Representations in Biological and Artificial Neural Networks

Abstract

Remarkably, artificial neural networks (ANNs) have shown astounding success in almost all aspects of artificial intelligence. Meanwhile, large scale experiments have gathered an unprecedented amount of data about the biological brain, both anatomical and functional. In this thesis, we make a series of interconnected endeavors to link ANNs with biological brains, and show that such links can shed light on our understanding of both systems. First, we establish and validate a paradigm for comparing ANN models with large scale functional data sets from mouse visual cortex.
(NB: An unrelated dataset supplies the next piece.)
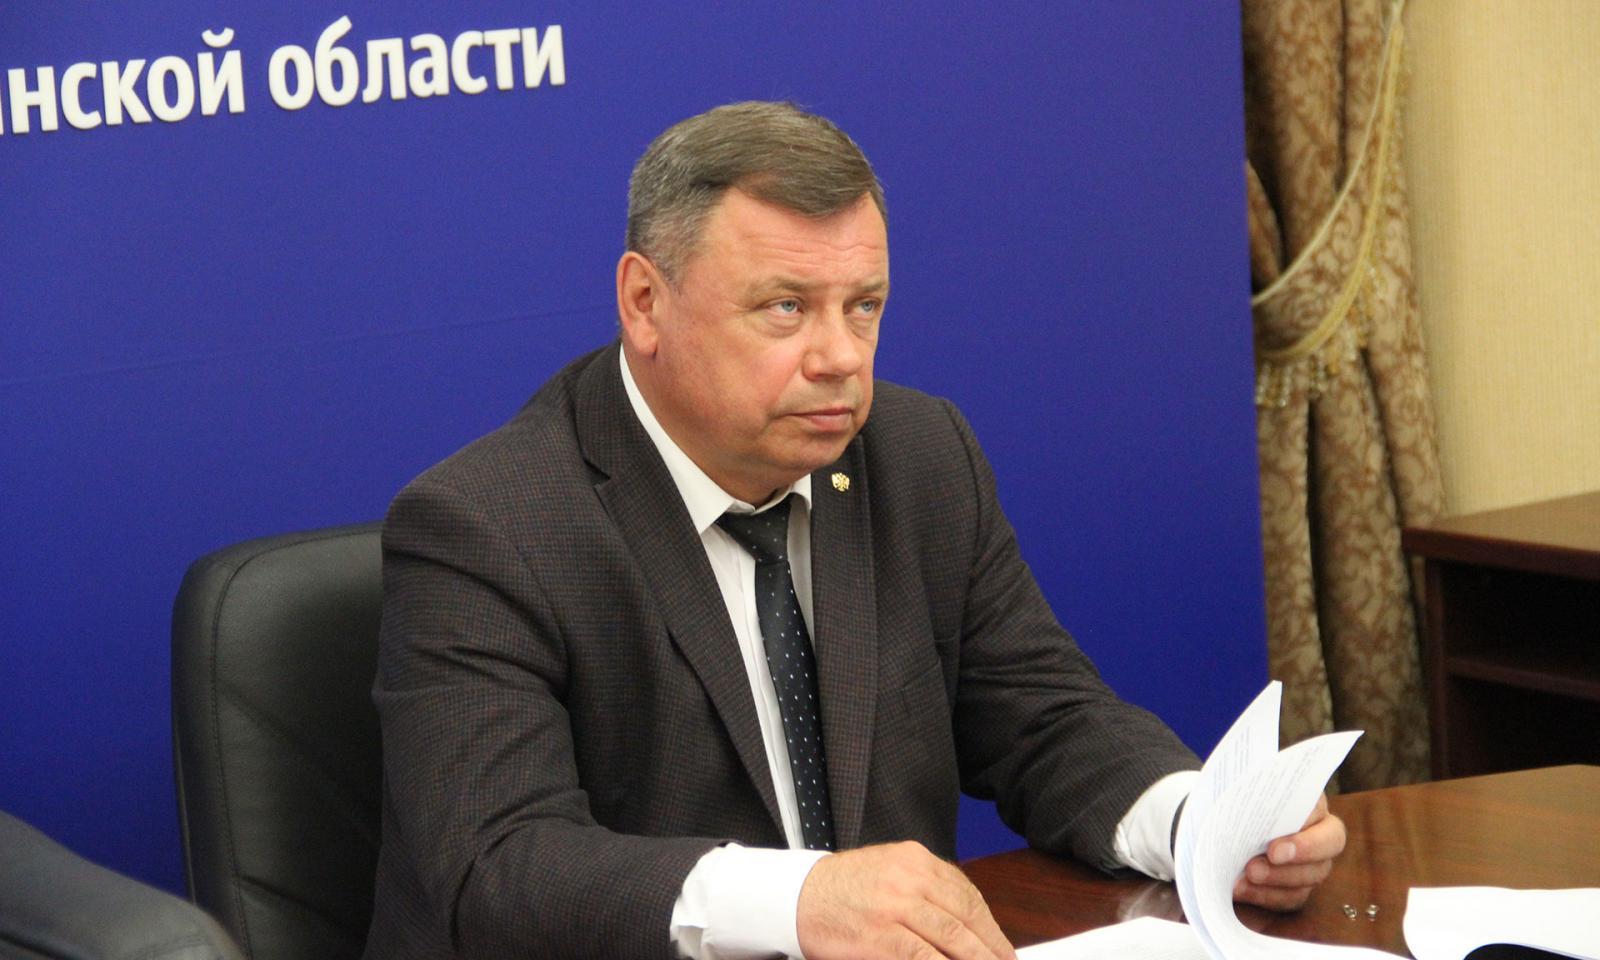 Экзамены и отдых брянских школьников обсудили на всероссийском уровне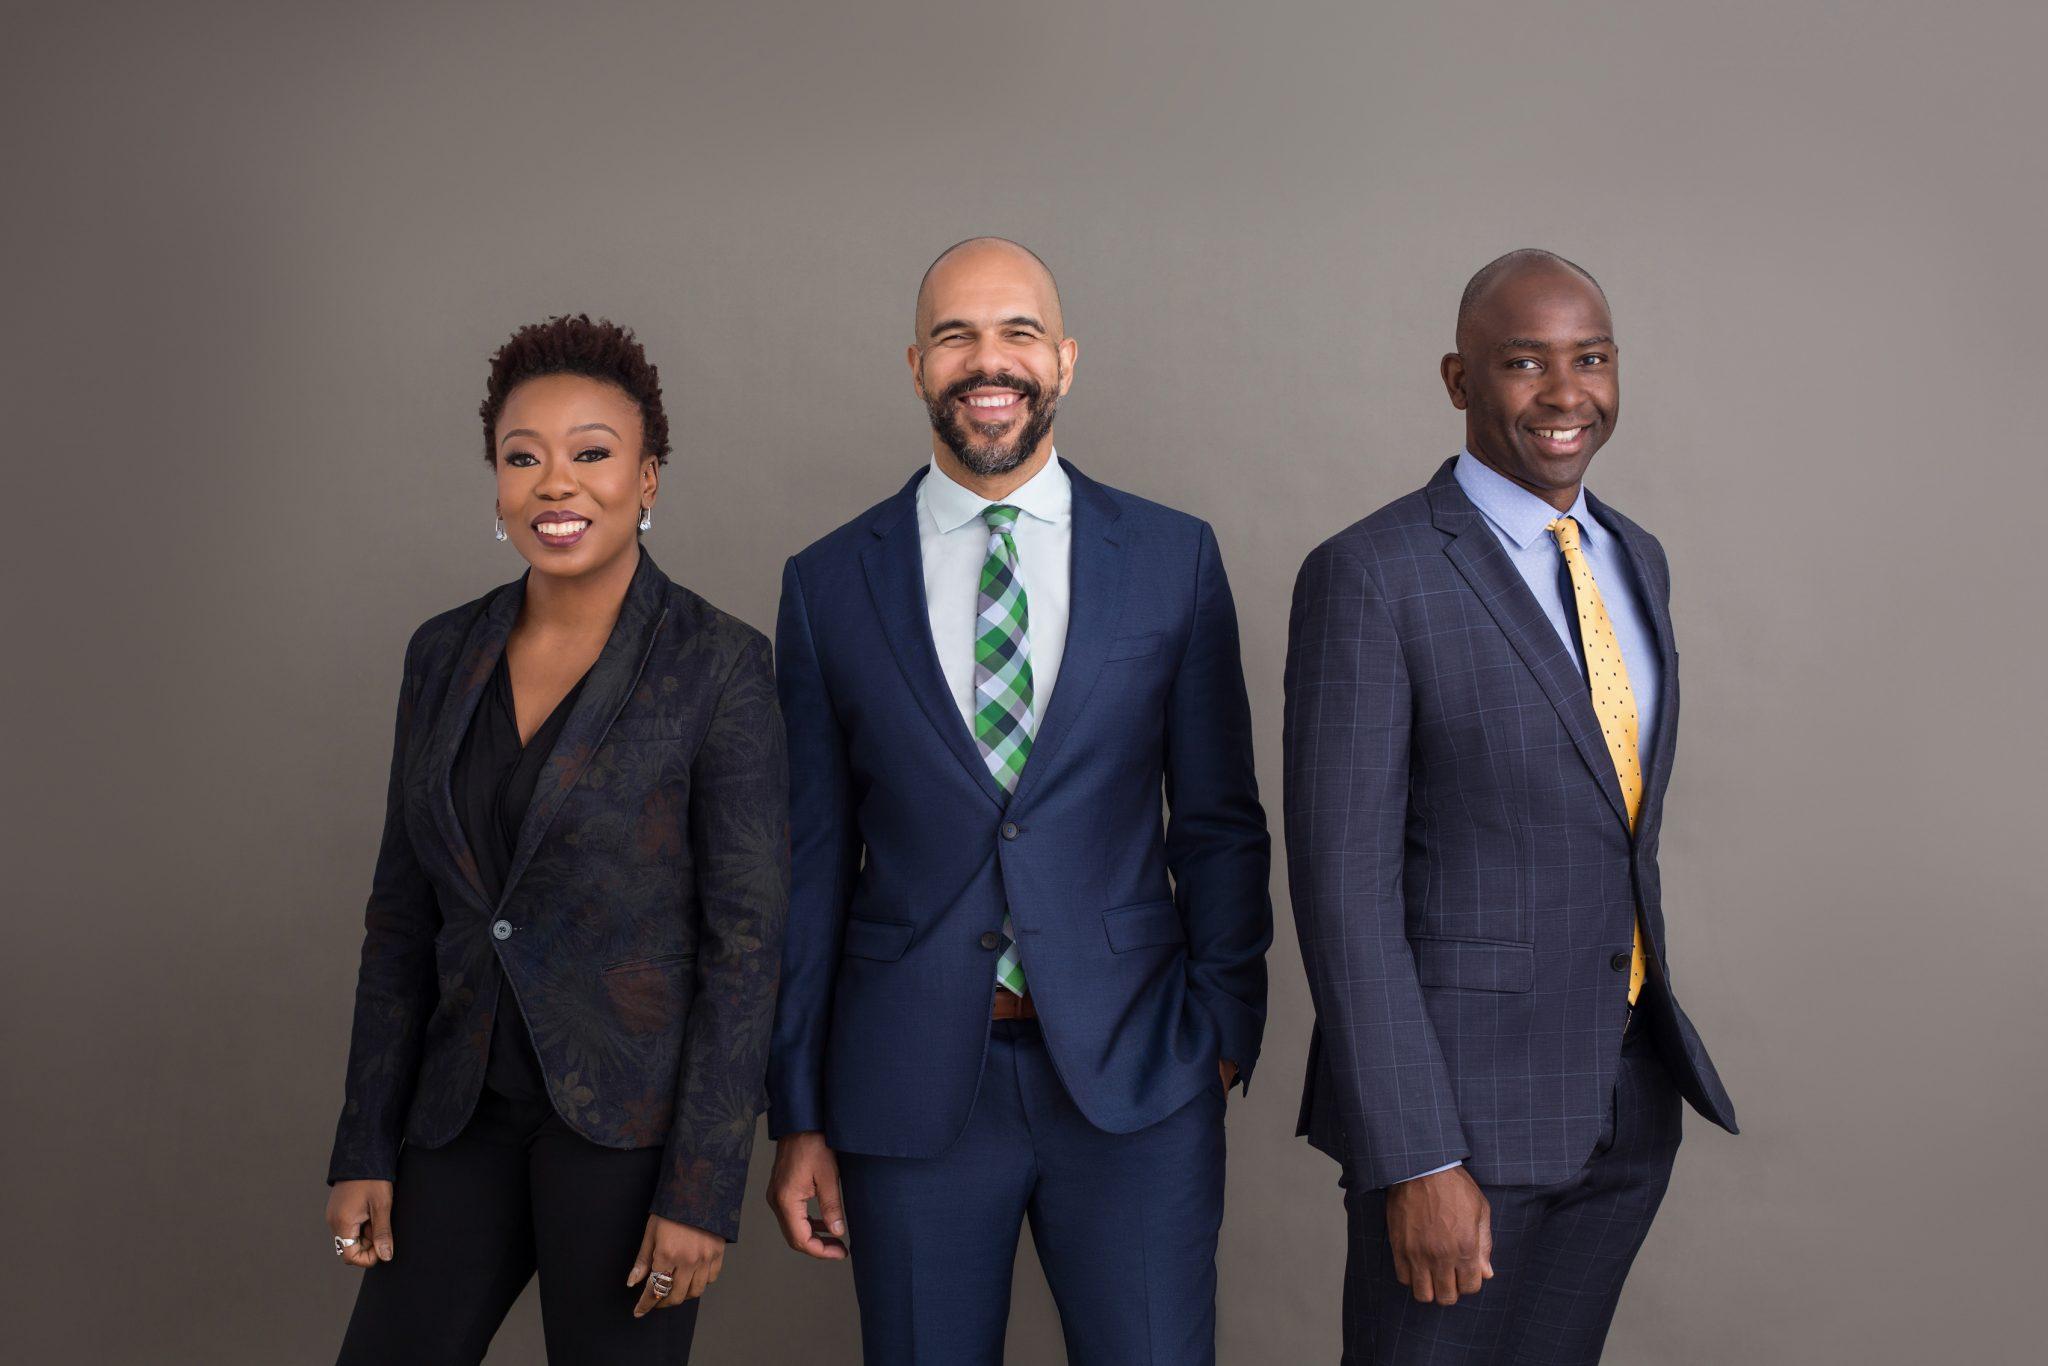 Mines' executives, left to right: Adia Sowho, Ekechi Nwokah, Kunle Olukotun

We show that comparing ANNs to the real brain is not only possible to do in a reliable way, but also helpful in revealing insights about computation in the biological brain. Second, we present the first (to our knowledge) ANN model of the mouse visual cortex (MouseNet) that is constrained by large-scale mesoscopic anatomical data. With the MouseNet model, we demonstrate the computational capabilities of a mouse- sized architecture and quantify the extent to which it recapitulates the neural representation of images in mouse visual cortex. Finally, we utilize the mathematical framework of linear ANNs to study learning dynamics in a simple model with parallel pathways, an important network feature that appears in MouseNet and is common in biological brains. We examine and quantify the surprisingly rich dynamics by which the learning process distributes the task-related knowledge among different network pathways.